House Judiciary B Committee chairman Andy Gipson’s House Bill 638 passed through the state’s House of Representatives on Wednesday, in a 75-43 vote, despite extreme opposition from Democrats, and will now be going up for debate in the Senate.
The bill comes after executions were halted in the state in 2012, due to lawsuits over lethal injections being ‘cruel and unusual punishment,’ and thus in violation of the US Constitution. Many drug companies have banned the use of their sedatives in executions, creating a shortage of options.
Under Gipson’s bill, lethal injection would remain the preferred method of execution, followed by nitrogen hypoxia, then firing squad, and if all those are banned or unavailable, the electric chair.

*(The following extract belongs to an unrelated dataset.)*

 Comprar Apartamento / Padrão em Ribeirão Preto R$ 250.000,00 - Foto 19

Only two other states in the nation, Oklahoma and Utah, retain the option of using a firing squad to execute a prisoner. Eight states have the option of electrocution, five have the gas chamber, and three allow for hanging, if necessary. Lethal injection remains the primary method of execution in 31 out of the 33 states that have the death penalty, as well as by the US military.

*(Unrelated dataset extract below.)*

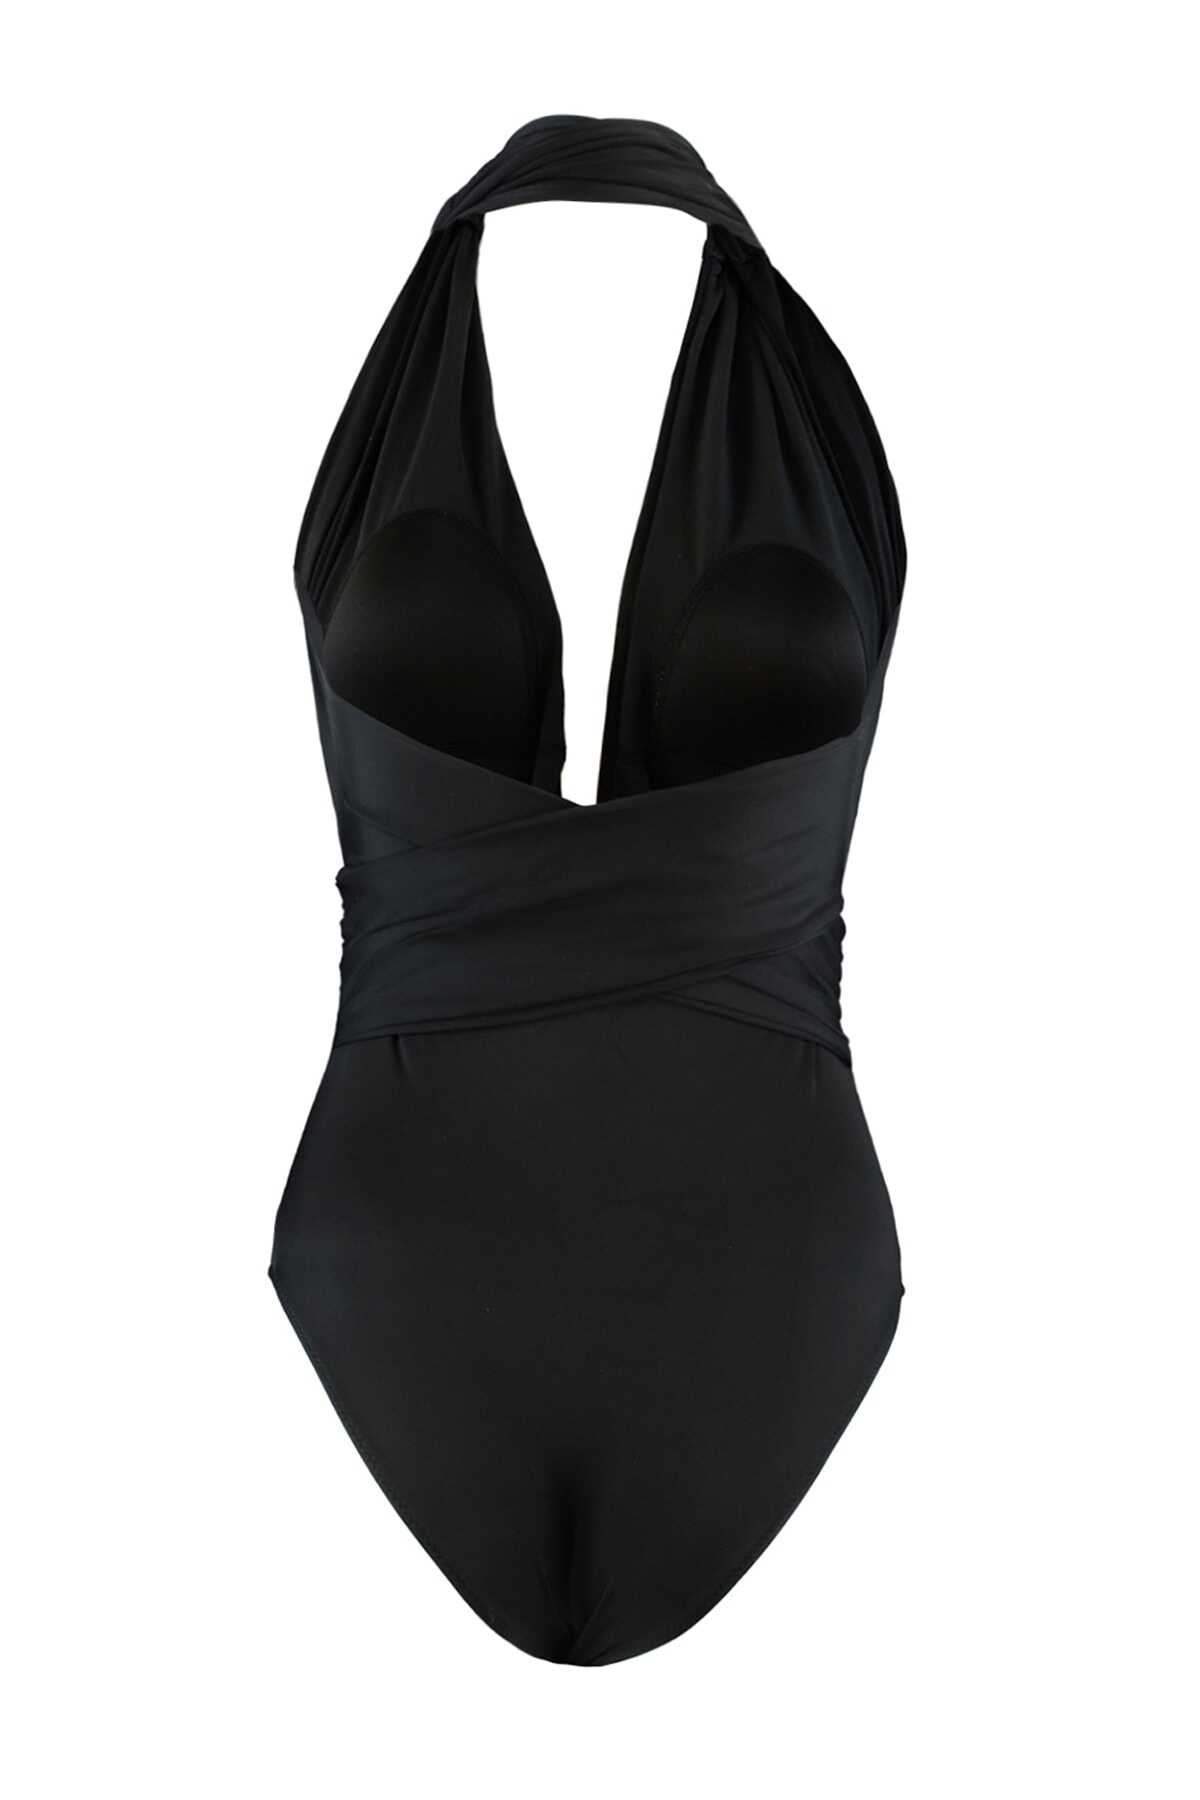 لباس ساحلی بادی یقه هفت باز پشت ضربدری زنانه مشکی برند TRENDYOLMİLLA

Currently, there are 47 inmates on death row in Mississippi.
Last year, 20 death-row inmates were executed in the US, and 30 more were sentenced to die.
Since the death penalty was reinstated in 1976, over 1,200 people have been executed in the United States. Some 36 percent those executions have taken place in the state of Texas.
Capital punishment is practiced in only 37 countries worldwide. The United States is one out of just five industrialized nations that are considered ‘democracies’ that continues to execute people.